Data below:
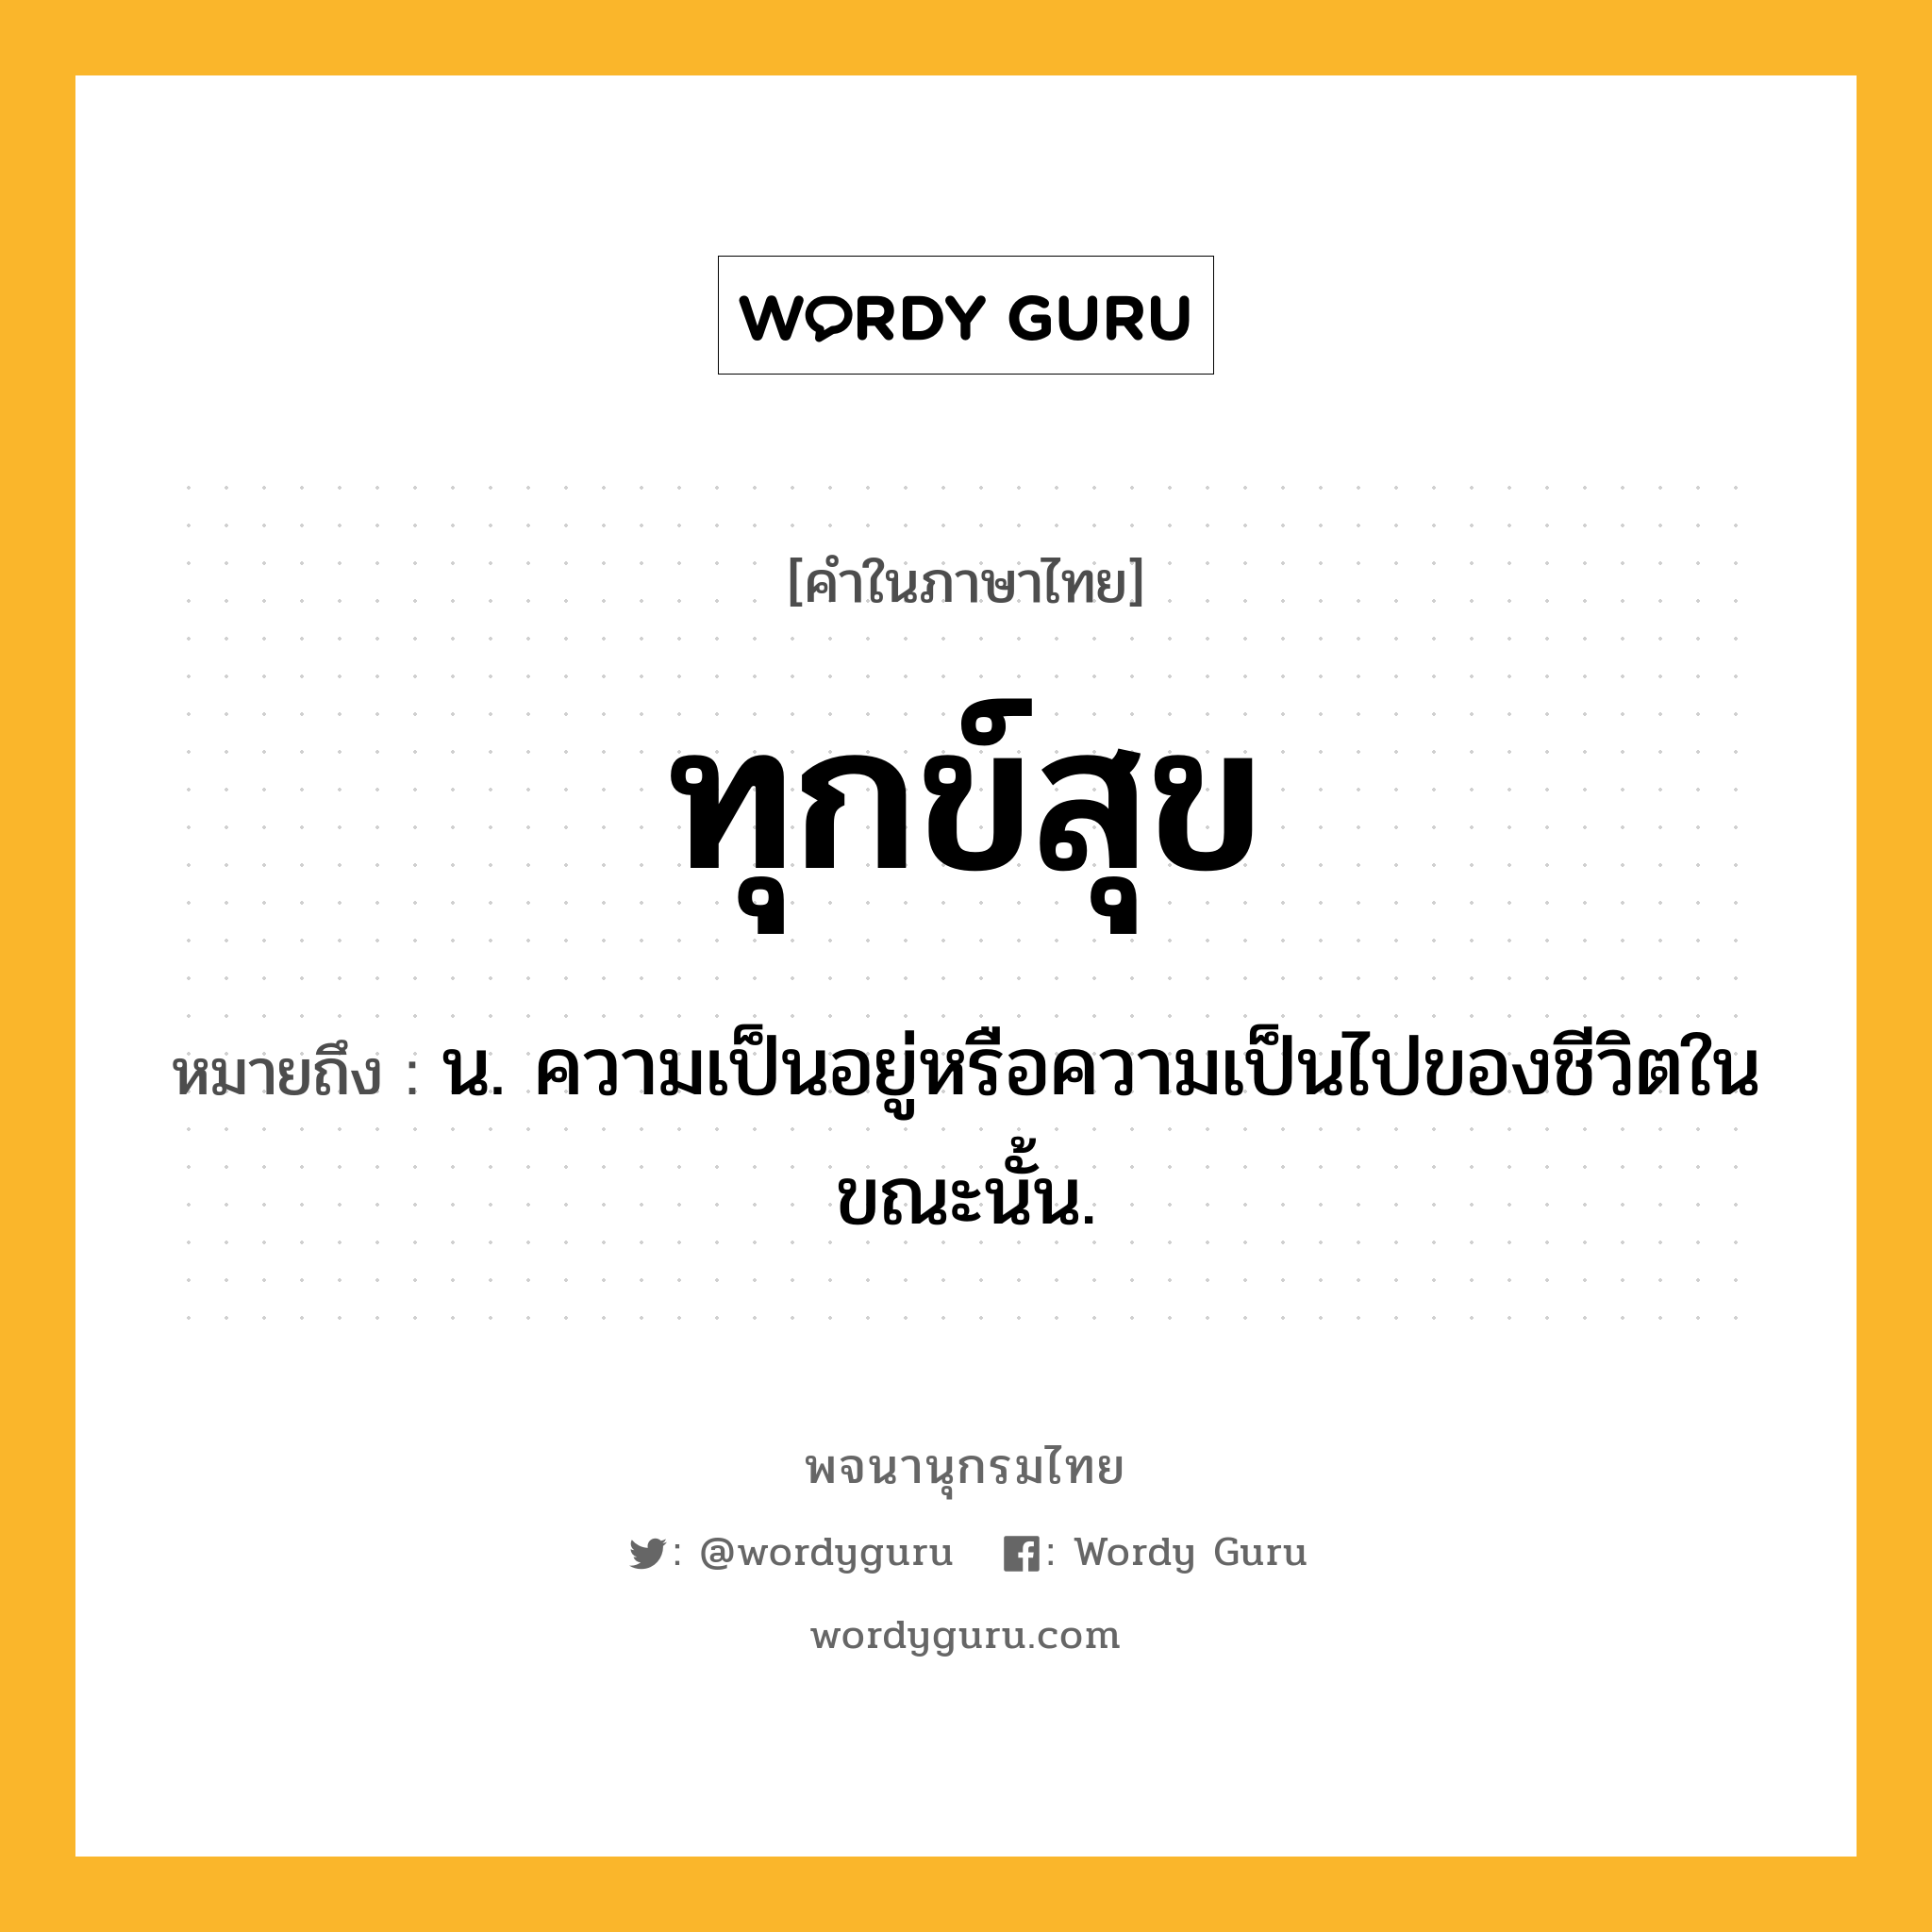 ทุกข์สุข หมายถึงอะไร?, คำในภาษาไทย ทุกข์สุข หมายถึง น. ความเป็นอยู่หรือความเป็นไปของชีวิตในขณะนั้น.
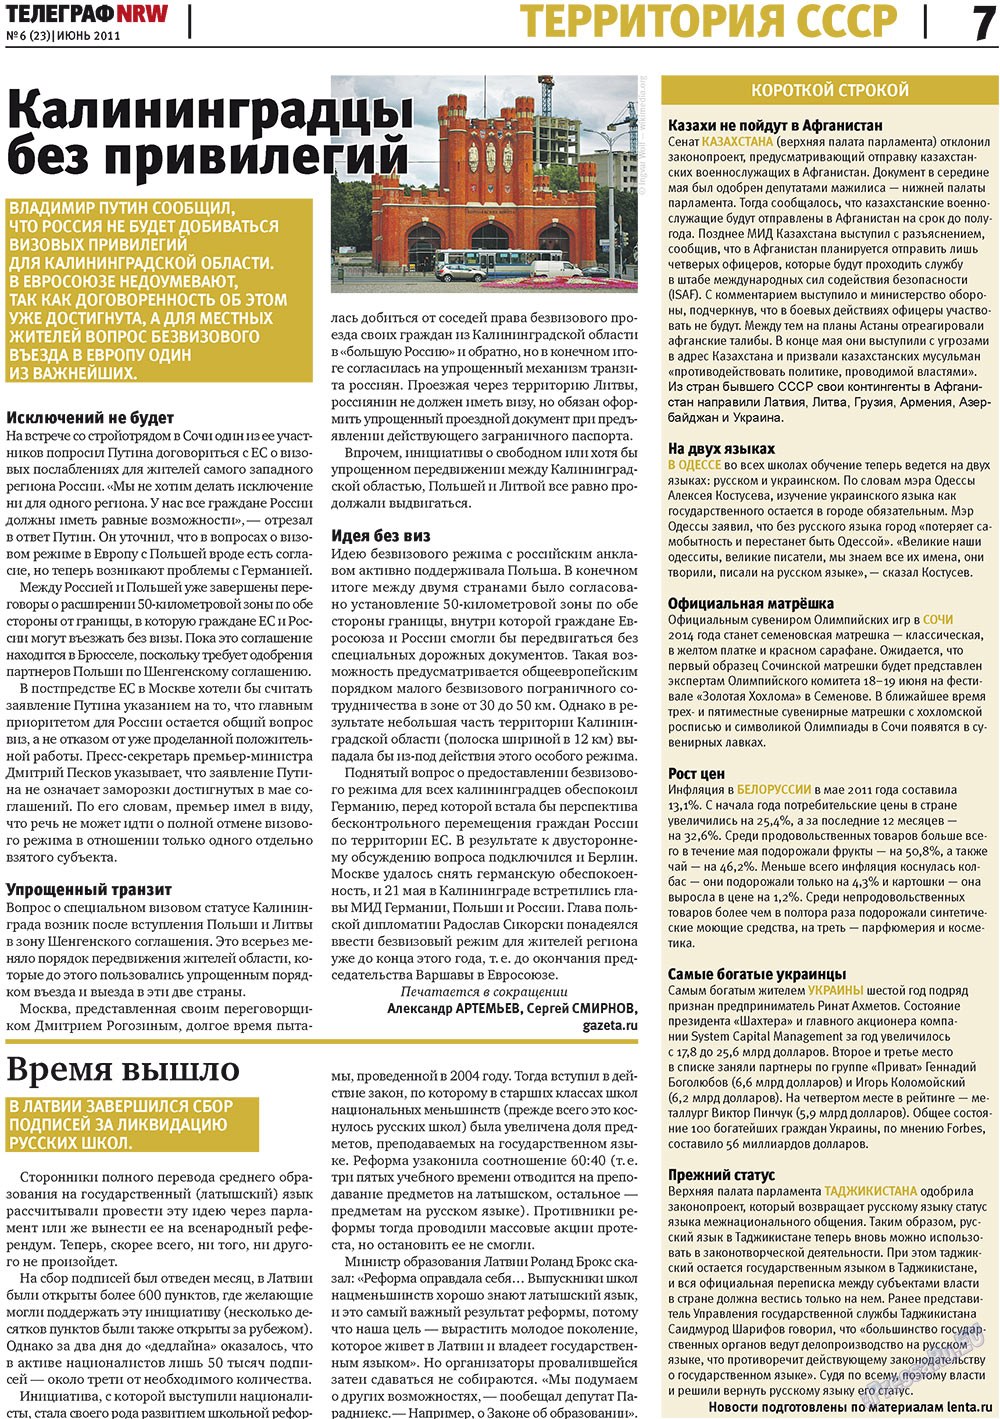 Телеграф NRW (газета). 2011 год, номер 6, стр. 7
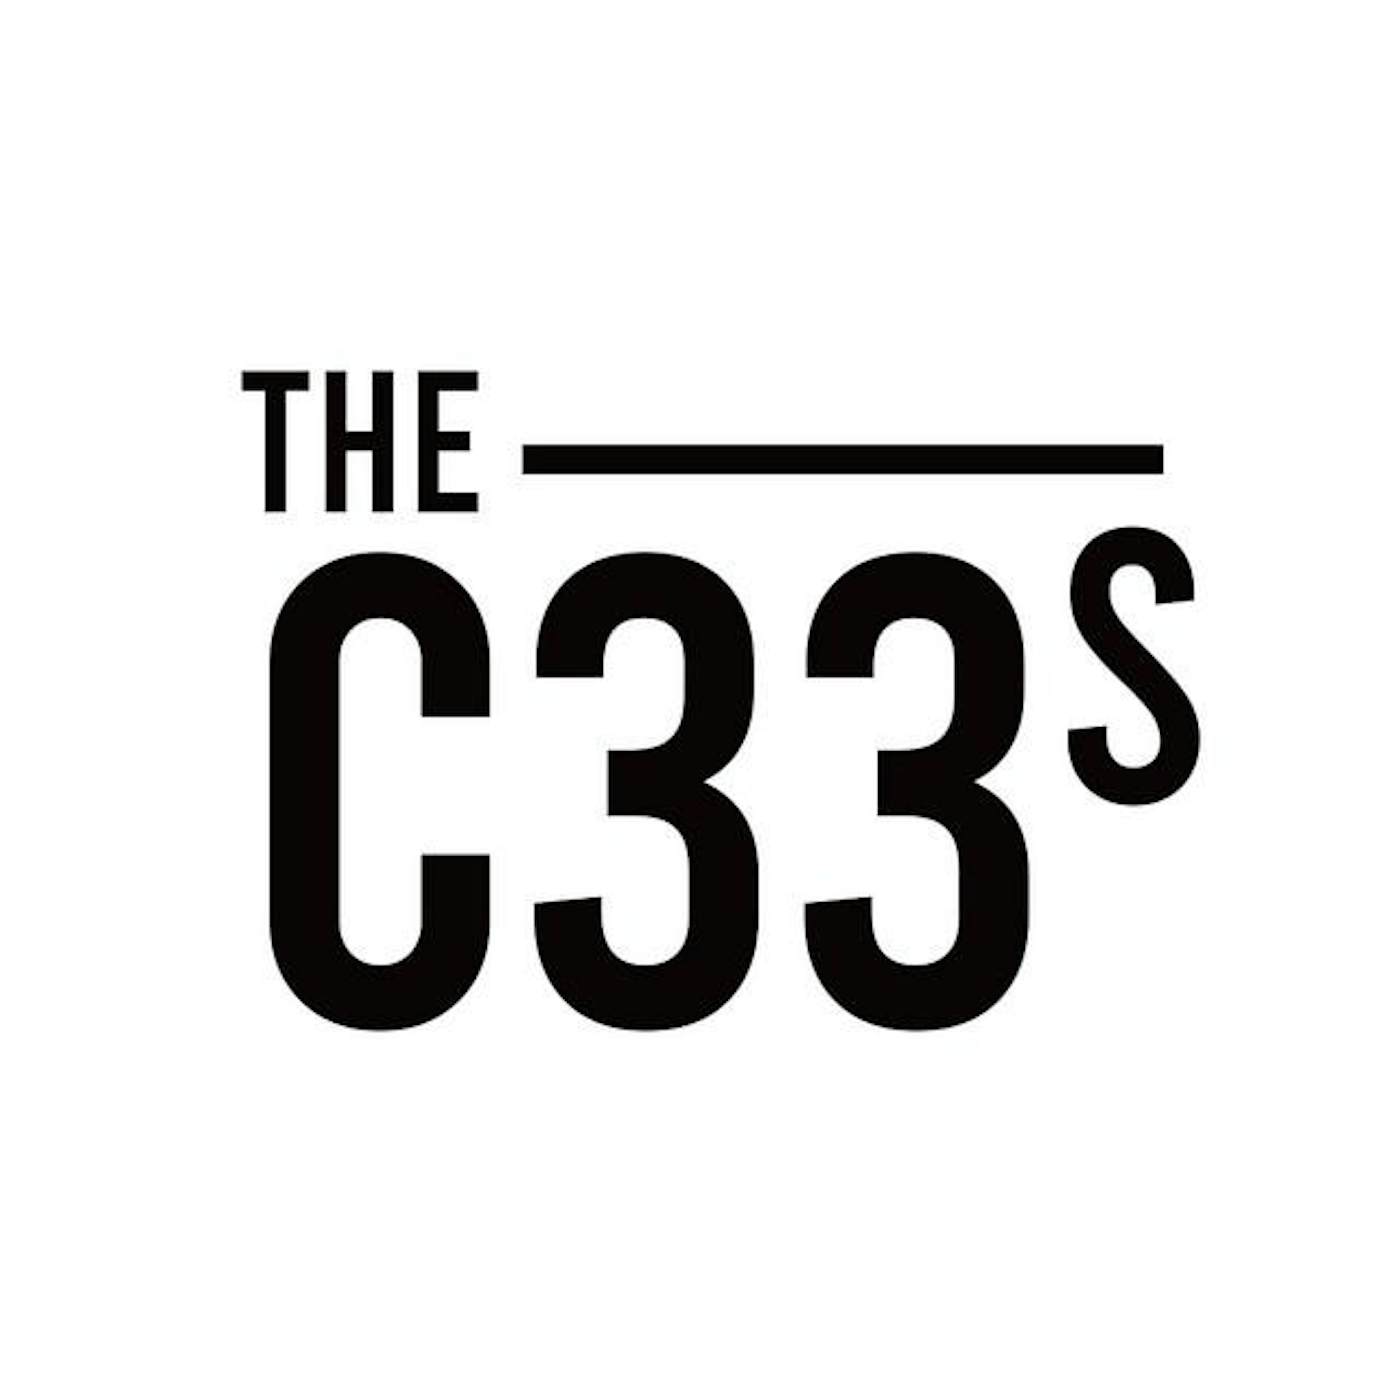 The C33s
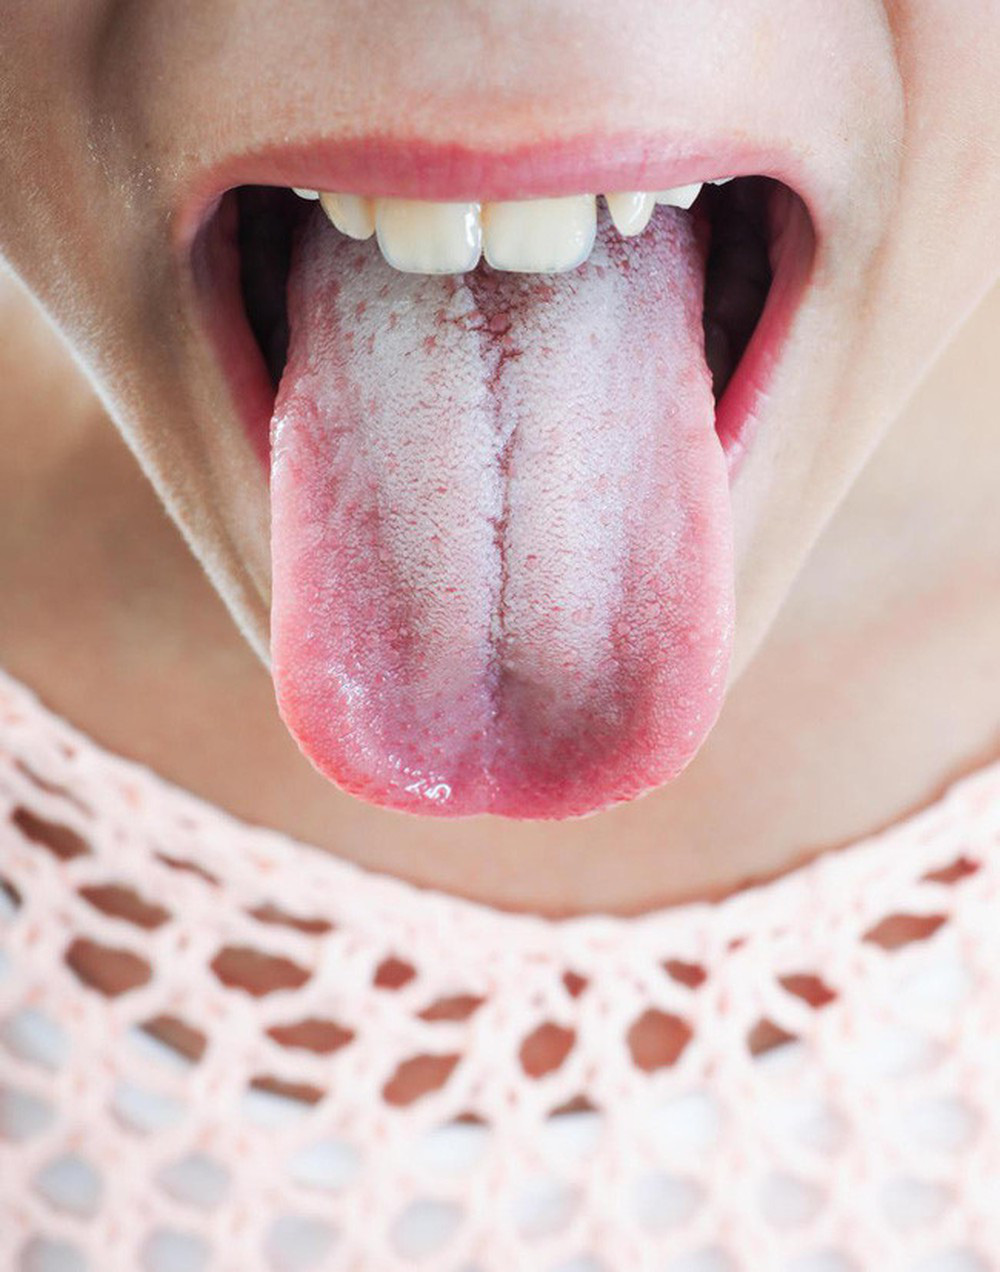 Lưỡi có lớp phủ màu trắng hoặc đốm trắng - dấu hiệu của bệnh Leukoplakia.

What you should do: Set down the material above exactly. Skip any picture.

Result:
 ทุกข์สุข หมายถึงอะไร?, คำในภาษาไทย ทุกข์สุข หมายถึง น. ความเป็นอยู่หรือความเป็นไปของชีวิตในขณะนั้น.
 Телеграф NRW (газета). 2011 год, номер 6, стр. 7
 The C33s
 Lưỡi có lớp phủ màu trắng hoặc đốm trắng - dấu hiệu của bệnh Leukoplakia.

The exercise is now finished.